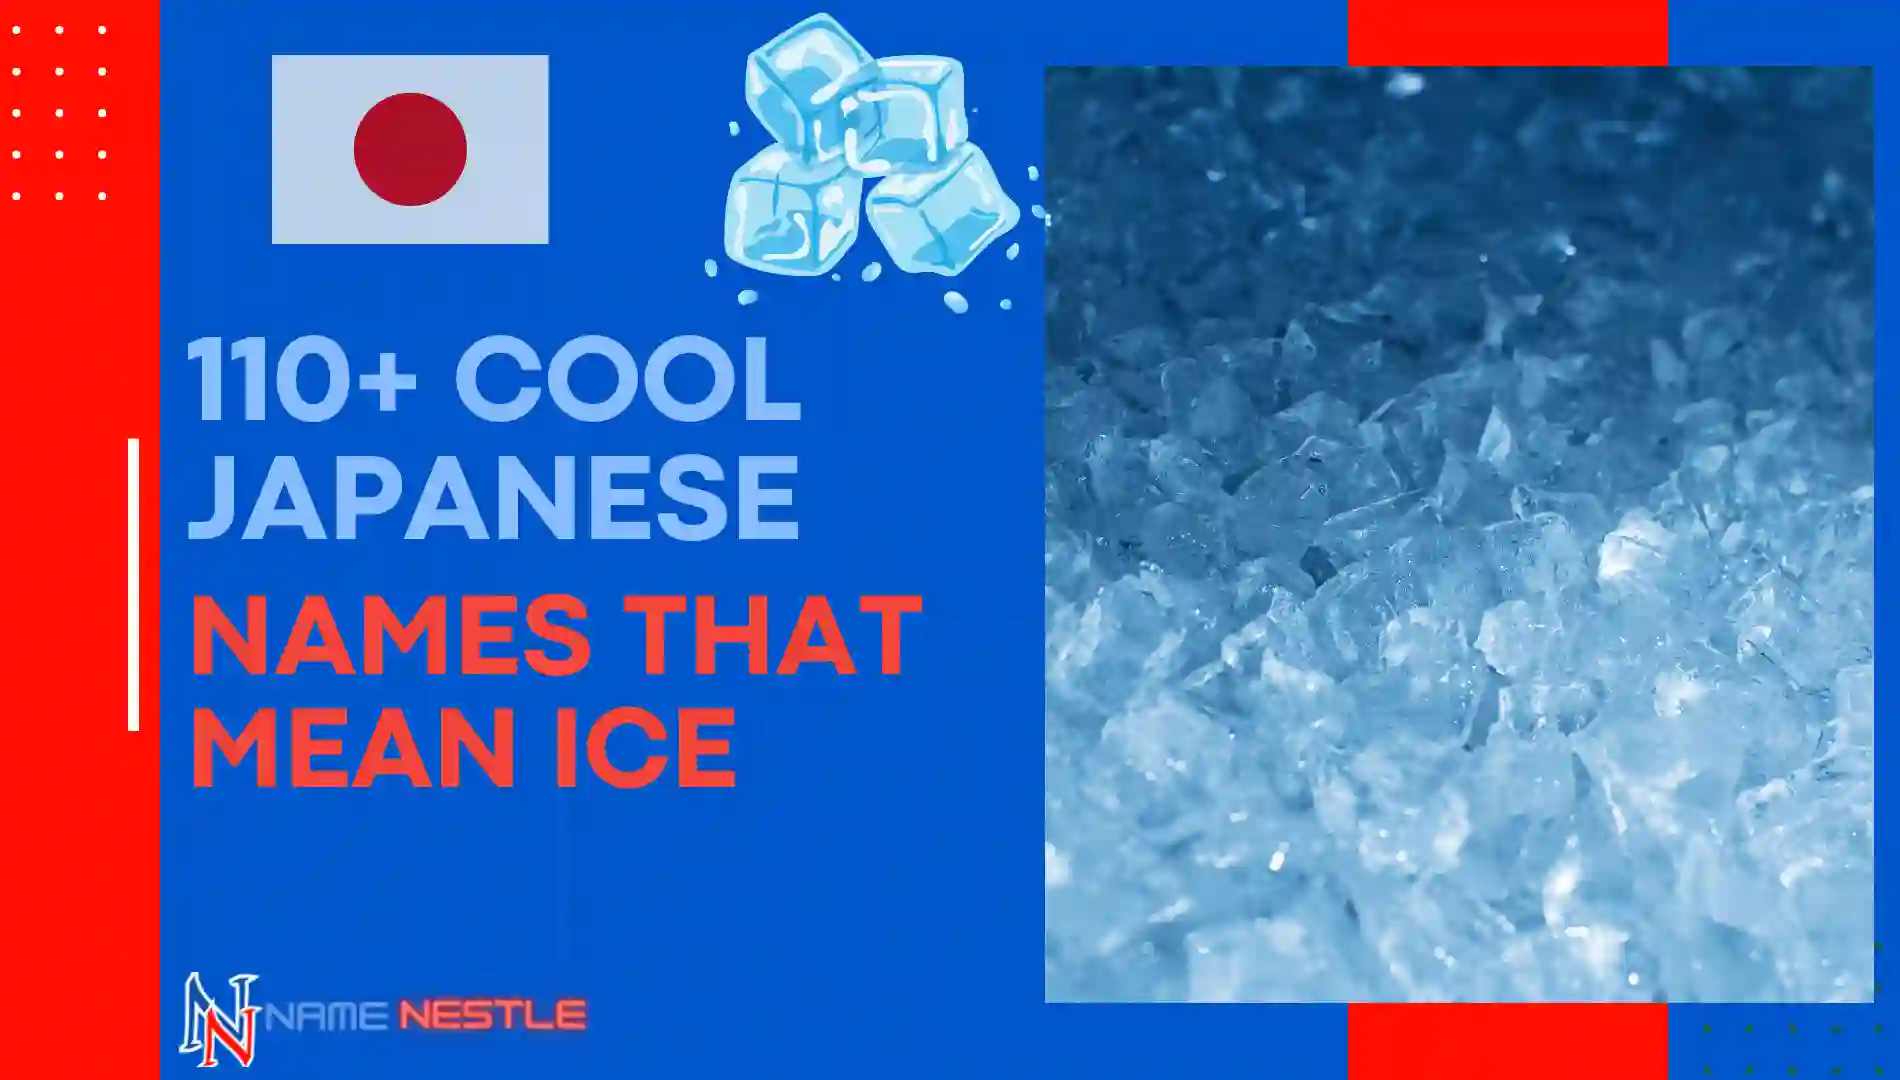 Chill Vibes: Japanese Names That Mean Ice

____________

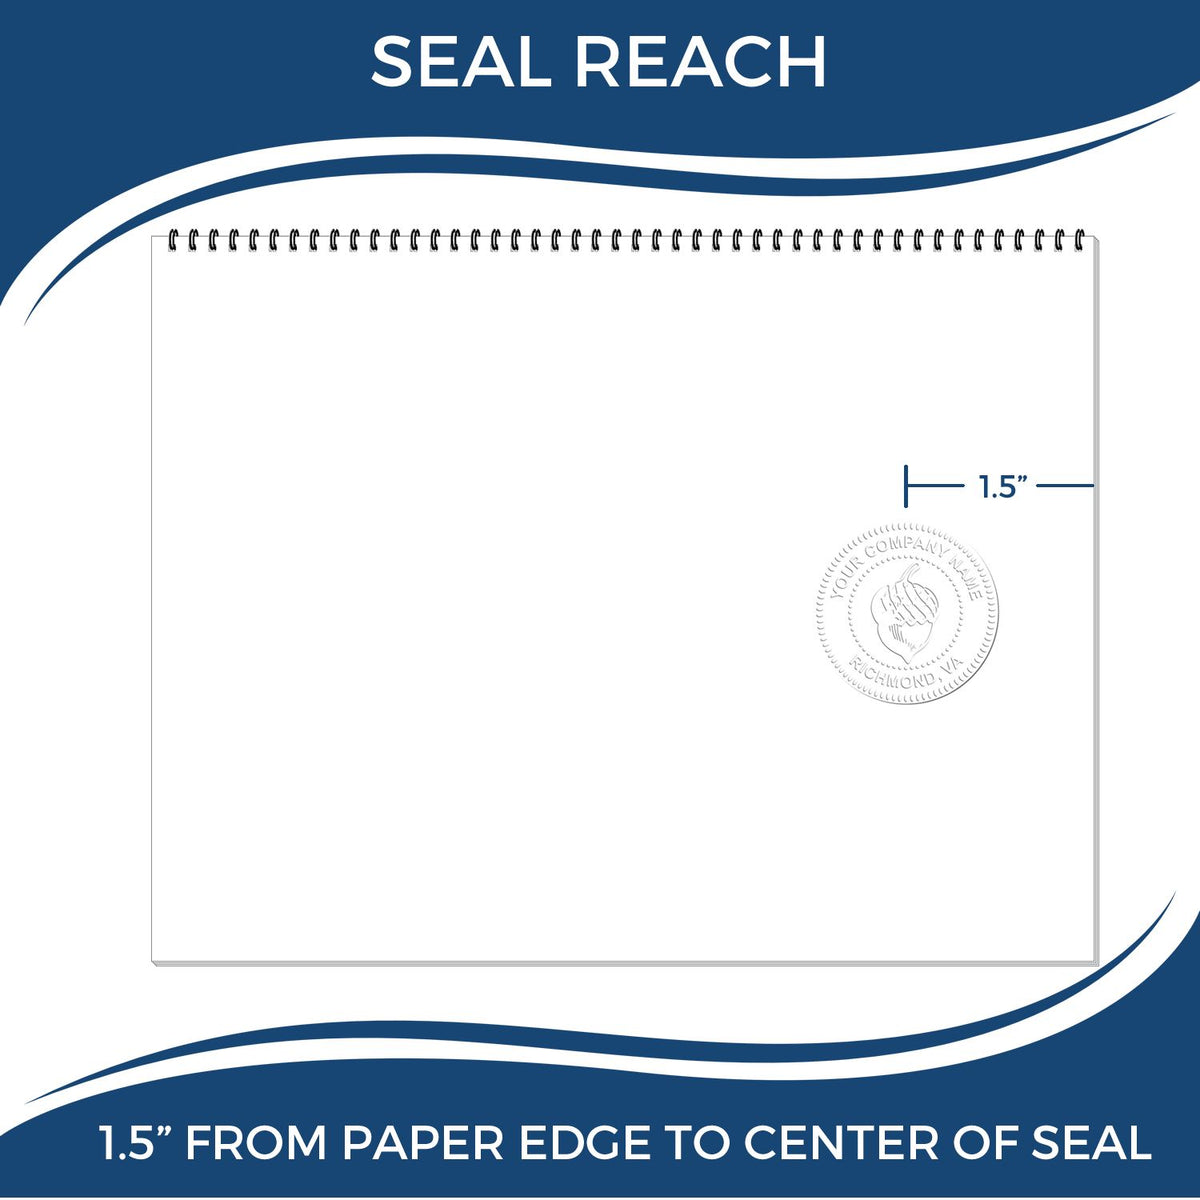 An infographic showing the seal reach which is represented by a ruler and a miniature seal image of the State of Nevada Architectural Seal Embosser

____________

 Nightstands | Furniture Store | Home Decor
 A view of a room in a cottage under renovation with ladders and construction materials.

____________

Problem to work on:
Retype word for word everything in the listing above from the line that holds "Nightstands | Furniture Store | Home Decor" down to the line that holds "A view of a". Keep both end lines and leave out the rest.

Result for this exercise:
 Nightstands | Furniture Store | Home Decor
 A view of a room in a cottage under renovation with ladders and construction materials.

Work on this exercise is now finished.